EXERCISE BRIEF:
Could you give the data that follows again exactly, without its pictures?

ENTRIES PROVIDED:
[Start of section]

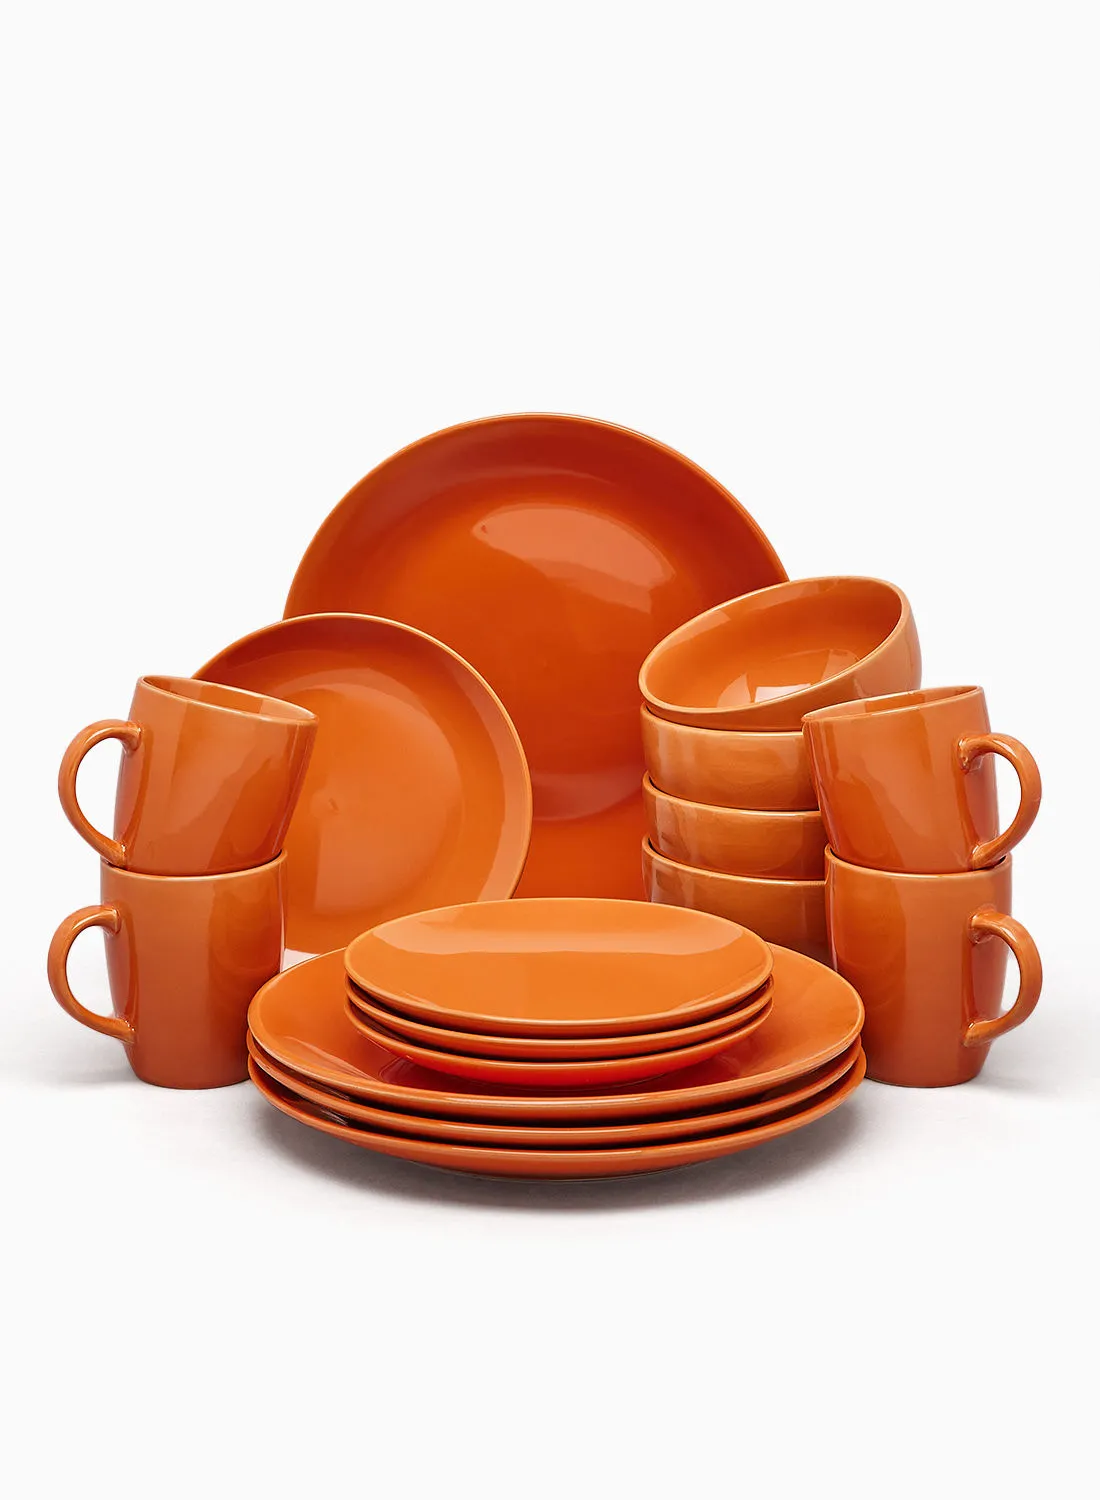 noon east 16 Piece Stoneware Dinner Set - Dishes, Plates - Dinner Plate, Side Plate, Bowl, Mugs - Serves 4 - Rust
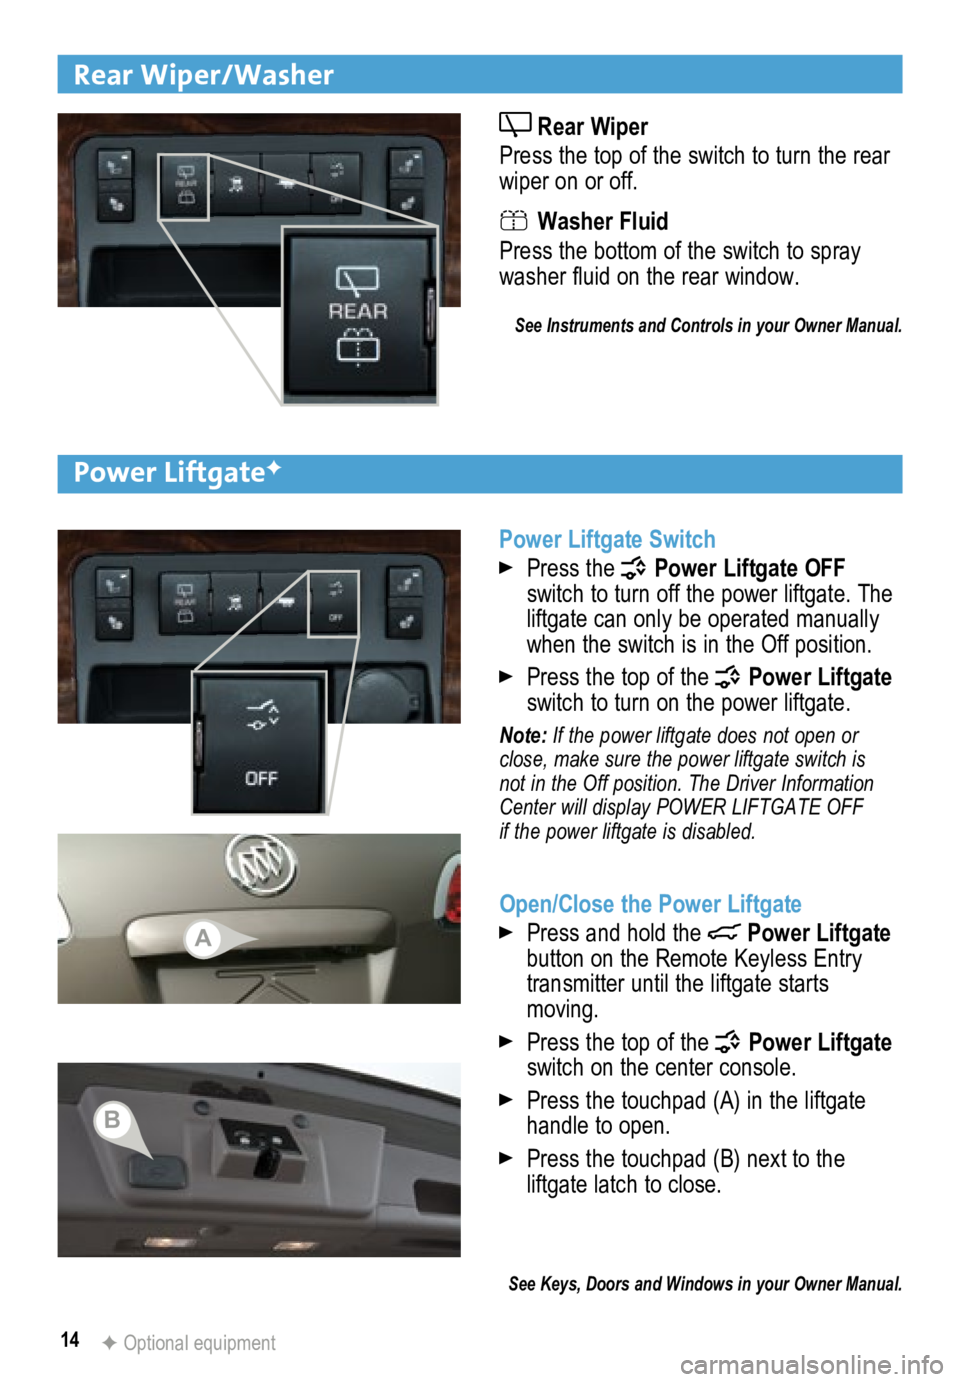 BUICK ENCLAVE 2015  Get To Know Guide 14
Rear Wiper/Washer
 Rear Wiper 
Press the top of the switch to turn the rear 
wiper on or off.
 Washer Fluid 
Press the bottom of the switch to spray 
washer fluid on the rear window. 
See Instrumen

[End of section]

YOUR RESPONSE:
 noon east 16 Piece Stoneware Dinner Set - Dishes, Plates - Dinner Plate, Side Plate, Bowl, Mugs - Serves 4 - Rust
 BUICK ENCLAVE 2015  Get To Know Guide 14
Rear Wiper/Washer
 Rear Wiper 
Press the top of the switch to turn the rear 
wiper on or off.
 Washer Fluid 
Press the bottom of the switch to spray 
washer fluid on the rear window. 
See Instrumen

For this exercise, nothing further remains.